All are pretty tightly link as generally speaking the cooler the intake charge the less chance of knock (for the same boost CR etc).

It's also not really useful to talk about compression ratio's without also mentioning MBT and timing in general.

As an example you could fit 12:1 CR pistons bang 14psi through them and it you run enough retard the motor will still run (be it with high EGT's).


I was pretty adamant that i wasn't going to run a IC, as i'm using a SC i was worried about throttle volume.
I managed to get up to 11psi but then reached a point where if i added more water the car started feeling sluggish so i had to retard the timing.
This then gave EGT's over 950c.

I then fitted a IC, i can now together with the IC and WI run 13psi (it dropped around 2psi when the IC was fitted) at 14 BTDC base timing without having to pull any timing at all from the stock ECU's timing curve.

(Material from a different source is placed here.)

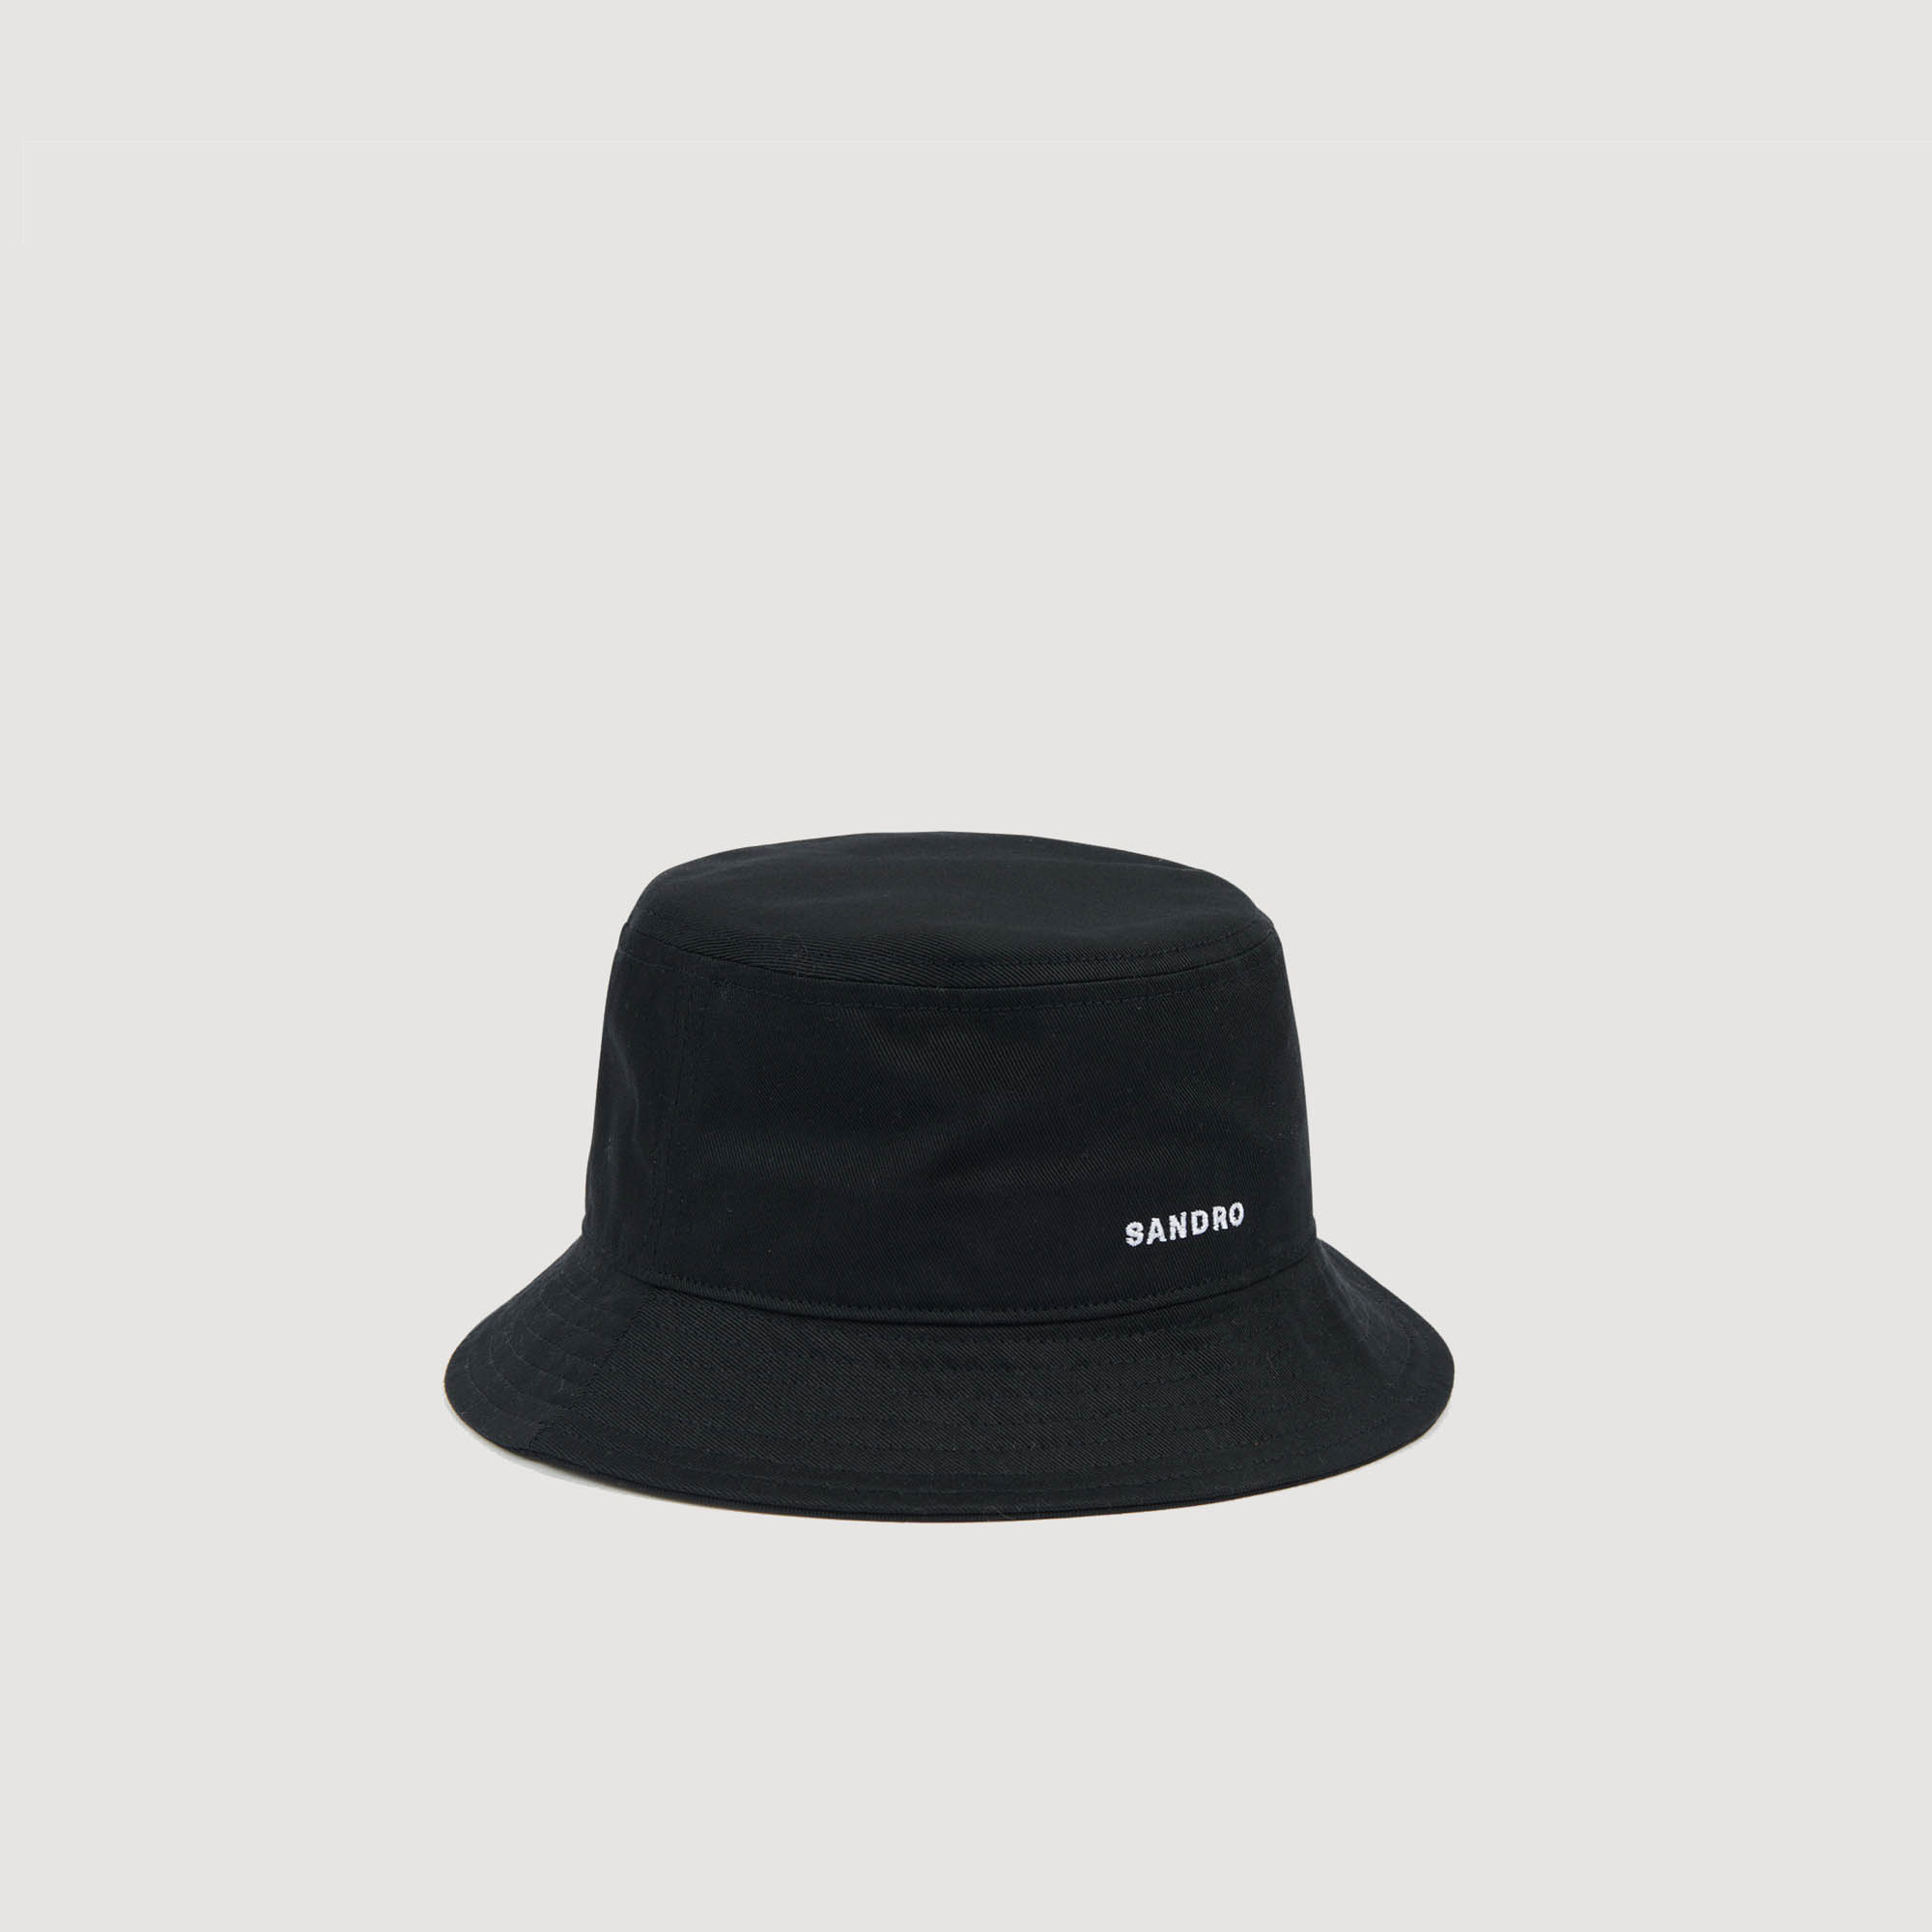 Sandro cotton Embroidered hat

The car also runs a lot more predictable and consistent with the IC as a lot of the intake heat is being dissipated out under the motor instead of being pumped through it.

On the ITB WI idea there are a few guys in the UK running that type of system and few non Miata mates over here (Greece) tried it.

The theory is that is reduces the lag/delay in getting the water in the cylinders.

In practice it does work, the biggest problem though is blocked jets.

On my system with 1 jet/nozzle if it blocks then my knocklite flashes straight away and i know theres a problem.
I've also got a flow meter/gauge installed and can see straight away i have no flow.

From what i've seen on ITB WI installs though if you (or when) get a block jet it's virtually impossible to spot.
The flow meter still detects flow and because 1 nozzle is blocked it then increases the pressure and therefore flow to the other 3 cylinders.
It's not the same amount of flow but it's close enough to make it difficult to notice.

Another thing we saw was that because we were only getting knock on 1 cylinder the knock sensor was not picking this up all the time.
So we think the car was being driven and raced for around 4 weeks with a blocked jet till the piston popped.

The thing is though the advantage of ITB WI is the reduction of lag.
If you fit something like the AM HSV then you have such fine control over the quantity of water you pump that you can set it to start pumping a very small amount at 0psi so when you do hit boost there is already water in the system, so no lag.

Biggest disadvantages with WI are running out and blocked jets.
I have a 17 go-kart fuel tank and fill it up once a month or so and have never run out.
With the flow meter and knocklite it's pretty obvious if the jets blocked, but if i could get me **** into gear i have a idea of rigging up the SC valve so if the flow meter detects a flow problem it cuts the boost, damn site easier with a tubby and EBC though.

So my advice is fit a IC and if you still feel you need more timing advance fit WI.